Sorry we forget about the rest of the Country freezing its A$$ off.


----------



## rawdawg (Apr 27, 2007)

I'll rustle up something and throw into the pot for the BBQ if it happens.


----------



## theunderfighter (Apr 4, 2011)

rawdawg said:


> I'll rustle up something and throw into the pot for the BBQ if it happens.


I'll 2nd this. I think I'll make a full commitment to make it for this as a little birthday present to myself and not drink too much the night before.


----------



## jtaudioacc (Apr 6, 2010)

so let's get some votes, or ideas on food.

i can get my usual sandwich platter thing from costco in addition to whatever we decide.

so there's Pizza, BBQ Platter, actual BBQ'n Darinof said he could bring a small BBQ if someone wants to cook.

I'm kinda thinkin cooking will be a little too complicated, but it won't be me cooking so, I guess it doesn't really matter. 

We need some minor stuff like chips, cookies, soda, and water (xxxbusa has water handled)

I like Mountain Dew and Coke Zero. 

As usual, I don't have much seating, so if you have a portable chair, not a bad idea to bring it.


----------



## TOOSTUBBORN2FAIL (Jan 31, 2011)

Barring disaster, ill be there, so ill bring a case of dew, and a couple chairs.


----------



## jtaudioacc (Apr 6, 2010)

TOOSTUBBORN2FAIL said:


> Barring disaster, ill be there, so ill bring a case of dew, and a couple chairs.
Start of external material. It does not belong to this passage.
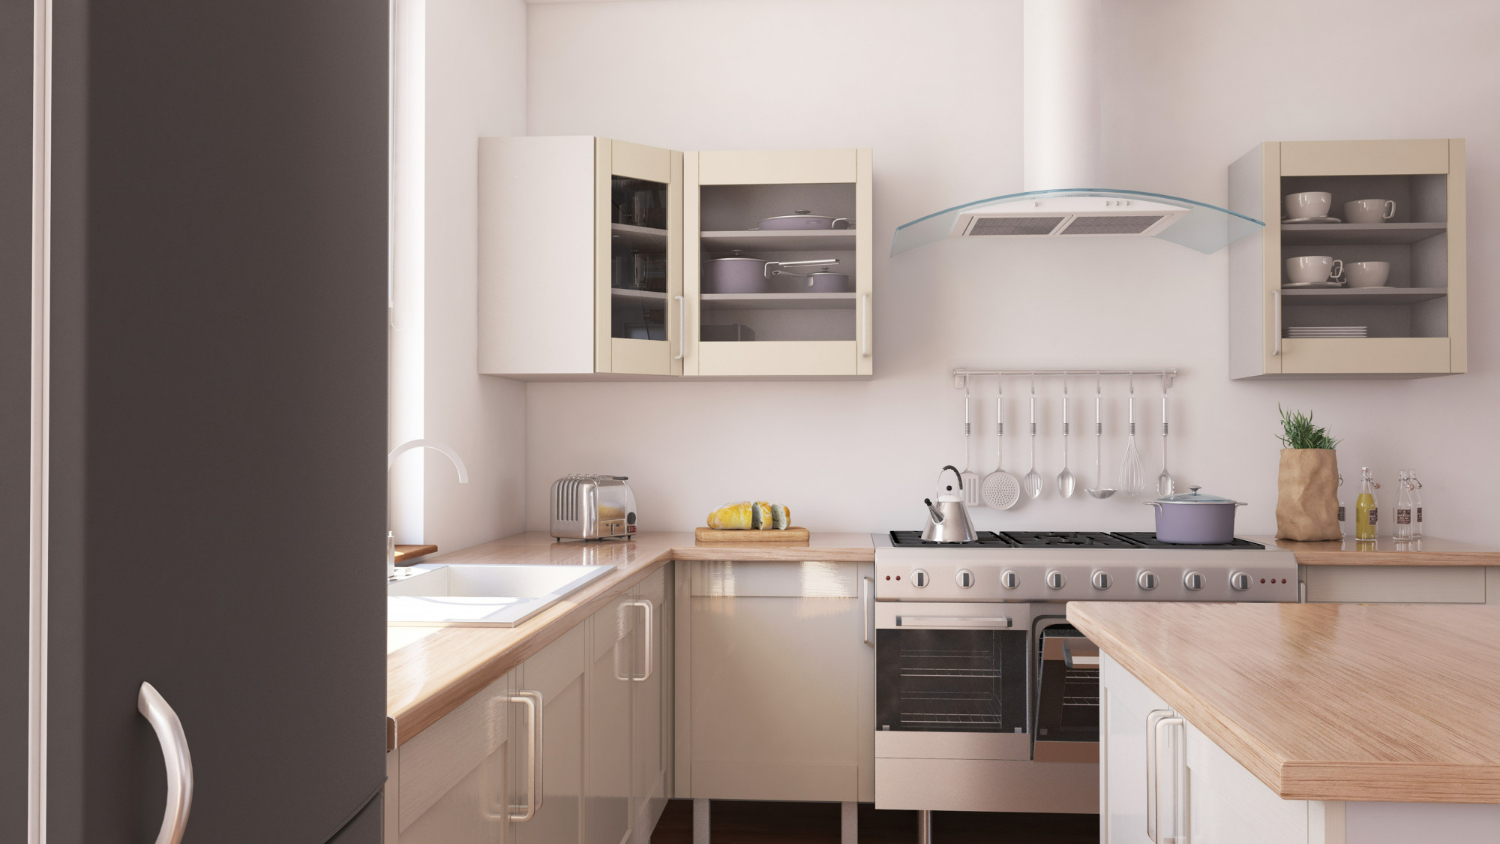 new designed kitchen with kitchen appliances

:2thumbsup::2thumbsup::2thumbsup:


----------



## rawdawg (Apr 27, 2007)

Okay, count me in for some bags of those crunchy @ss kettle chips and cash for whoever brings a platter.


----------



## BigRed (Aug 12, 2007)

I say Michael bring and pay for the platter. Charge 5 a plate.


----------



## theunderfighter (Apr 4, 2011)

All the food sounds good, just decide on something soon so we know what to bring?
I think pizza would be easiest. BBQ and Sandwich platter both sound delicious as long as people bring some money? And BBQing on the grill sounds cool. You could always have someone collect some money and pick up some burgers and dogs once some people start arriving.
Since water is covered, and chips. I'll bring Sprite, and some chairs, and some cash.


----------



## rawdawg (Apr 27, 2007)

If you're gonna' grill, it should be something that cooks up fast like carne asada or Korean BBQ or even Bacon. Thin to win.

Bacon wrapped Galbi Asada, mmm...


----------



## michaelsil1 (May 24, 2007)

rawdawg said:


> If you're gonna' grill, it should be something that cooks up fast like carne asada or Korean BBQ or even Bacon. Thin to win.
> 
> Bacon wrapped Galbi Asada, mmm...


Bring one of your girlfriends and let her run the grill.


----------



## grantwb1 (Apr 4, 2010)

Damn that BBQ sounds good, being from Texas it would be blasphemous if I were to suggest anything else. I got mo funds on that BBQ for sure. Micheal if you end up getting BBQ I will send you even more as I want a 1/2 rack of each pork and beef to take home if you think that place is worth it. I am drooling and missing home! BBQ FTW!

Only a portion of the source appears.